``eval_utils`` module
================================

The ``eval_utils`` module provides a complete framework for evaluating LLM and model
endpoints. Everything starts from an **Experiment** — a bundle of a dataset, one or more
models, and a set of metrics. You define an experiment, run it, and get back tracked
results in MLflow and Delta tables.

.. attention:: These functions are designed to run within Databricks notebooks and require access to
               Unity Catalog and MLflow.


Configuring an Experiment
^^^^^^^^^^^^^^^^^^^^^^^^^^

An ``Experiment`` has three parts:

1. **Dataset** — which eval table to use, and which columns contain the input, expected output, and additional context.
2. **Models** — one or more models to evaluate, each targeting a Databricks serving endpoint or a LiteLLM-supported model.

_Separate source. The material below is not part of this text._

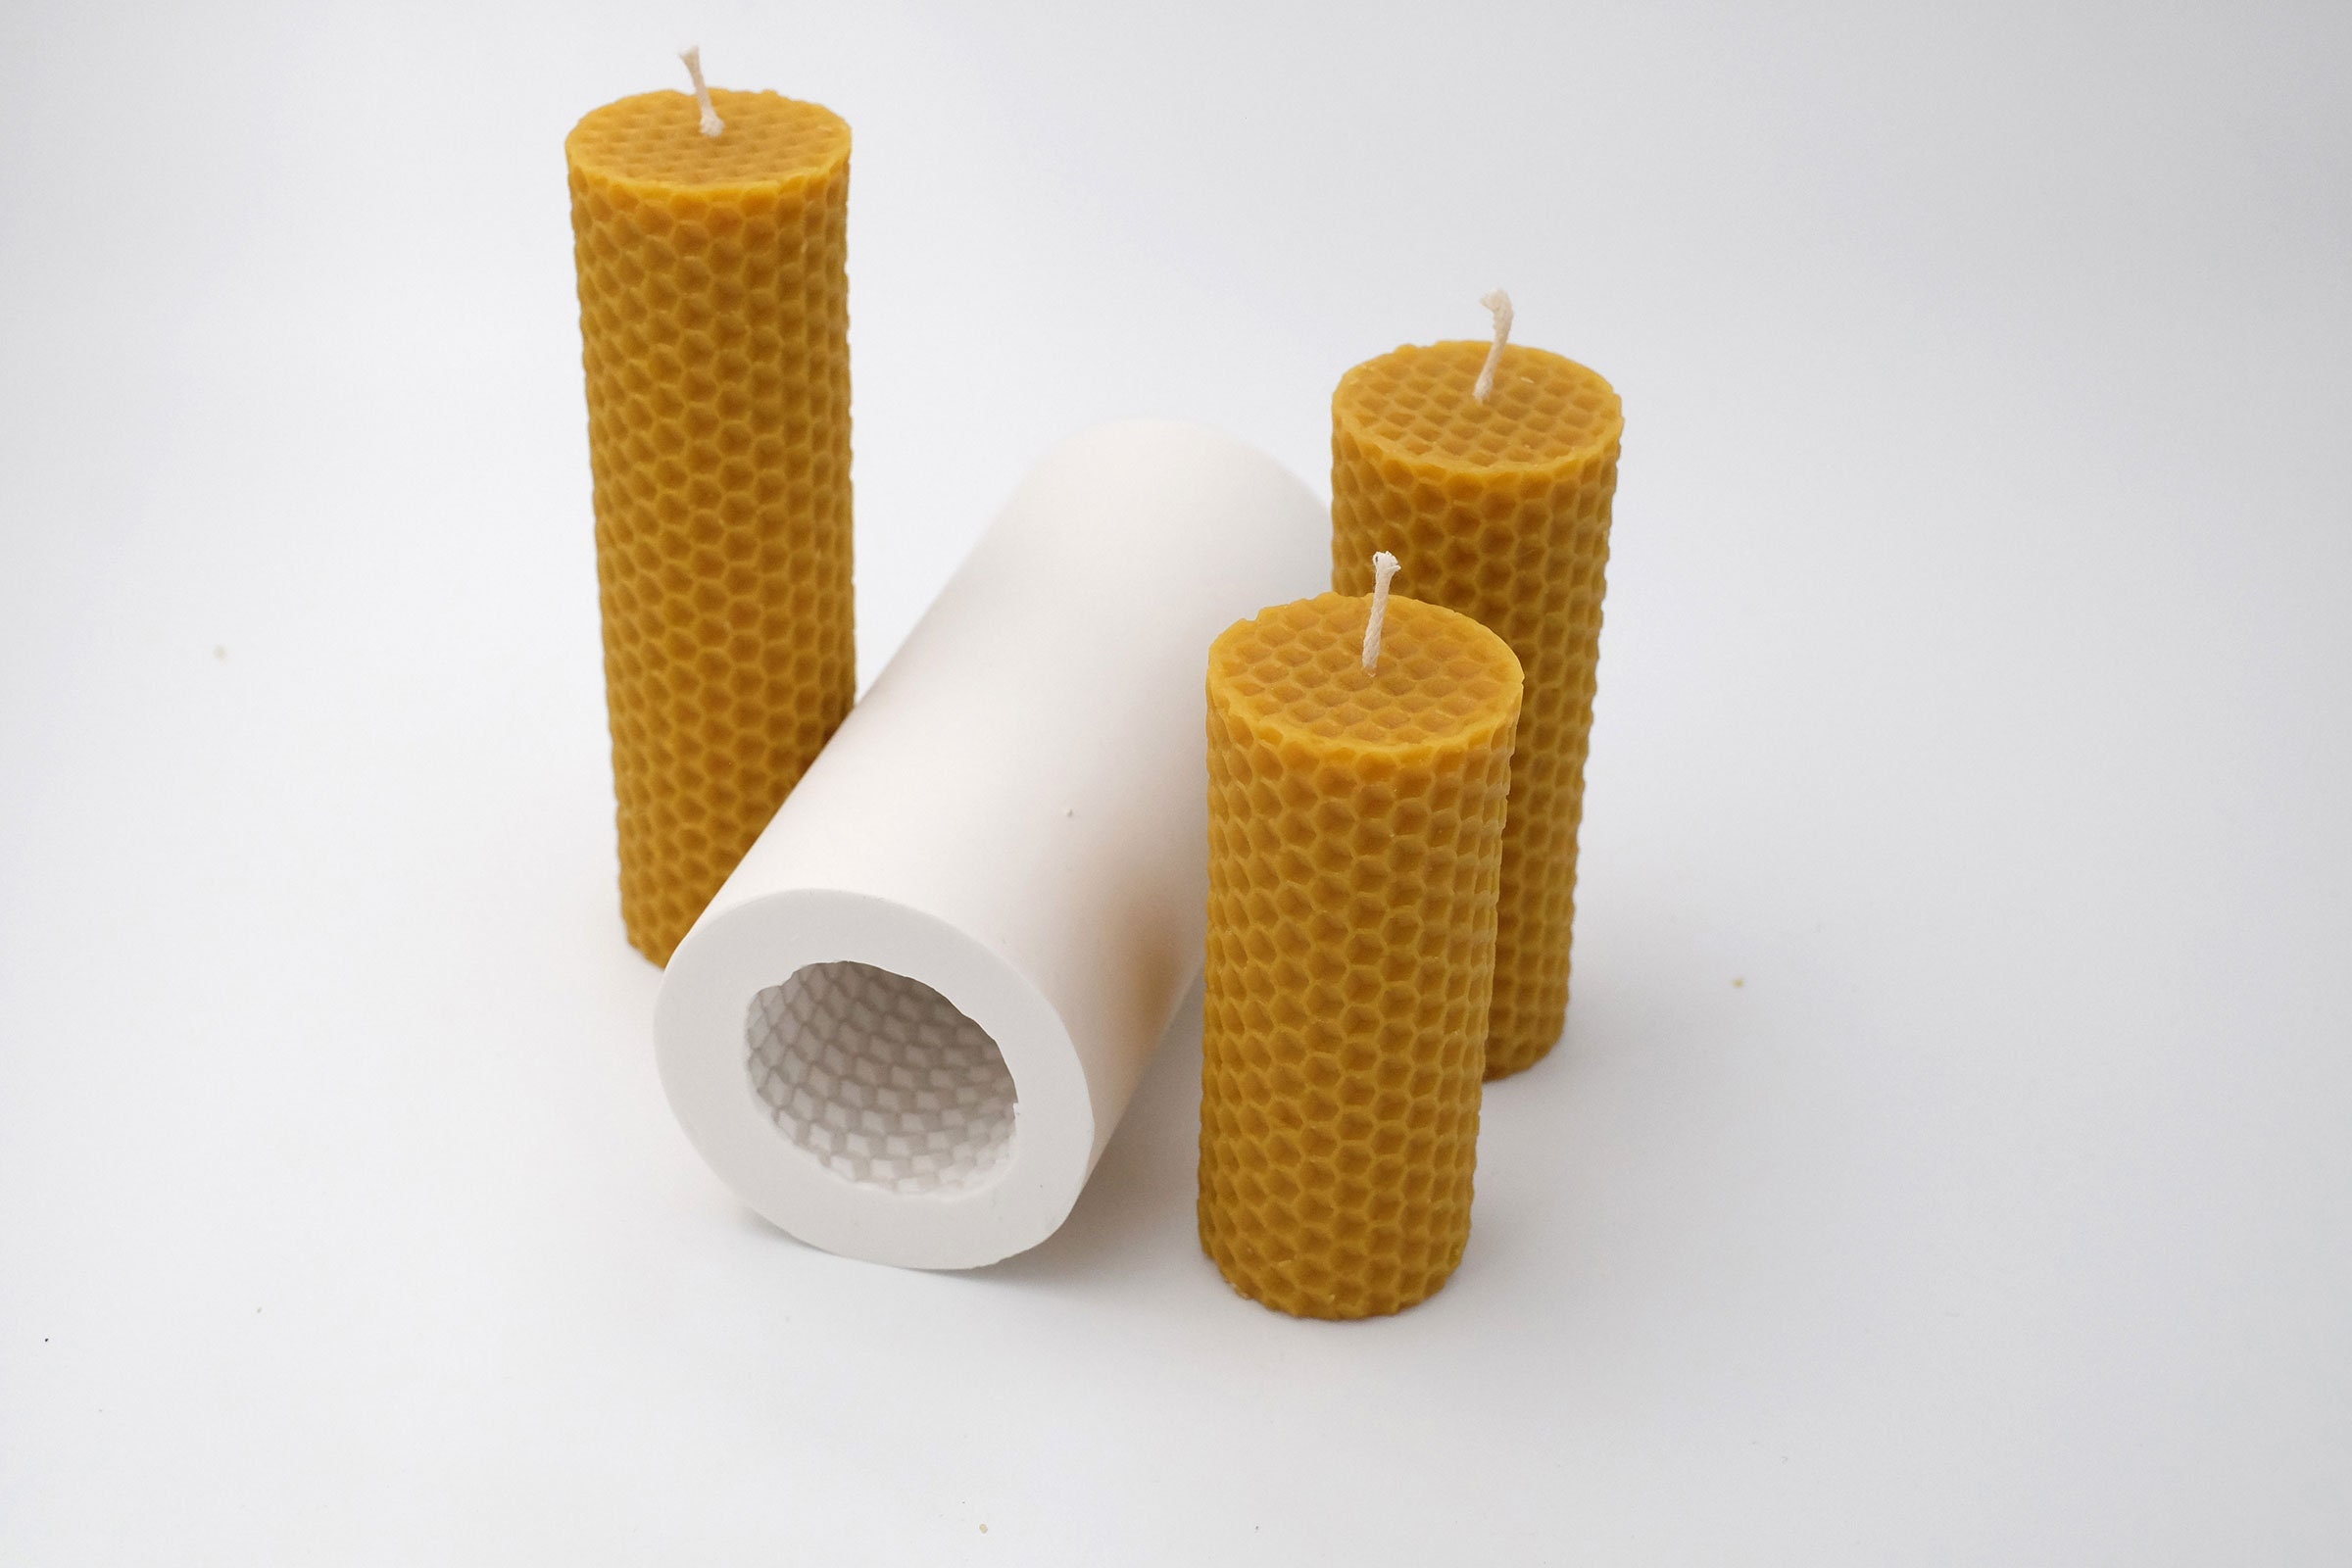 Honeycomb Pillar Silicone Candle Mold | Betterbee

   - When configuring a model, you can use a prompt template, a prompt registry name, or a prompt alias. We suggest using the prompt registry for production experiments.

3. **Metrics** — which metrics to compute across all models (``latency``, ``token_count``, ``exact_match``, ``fuzzy_match``, ``llm_judge``, ``hit_rate``, or custom scorers).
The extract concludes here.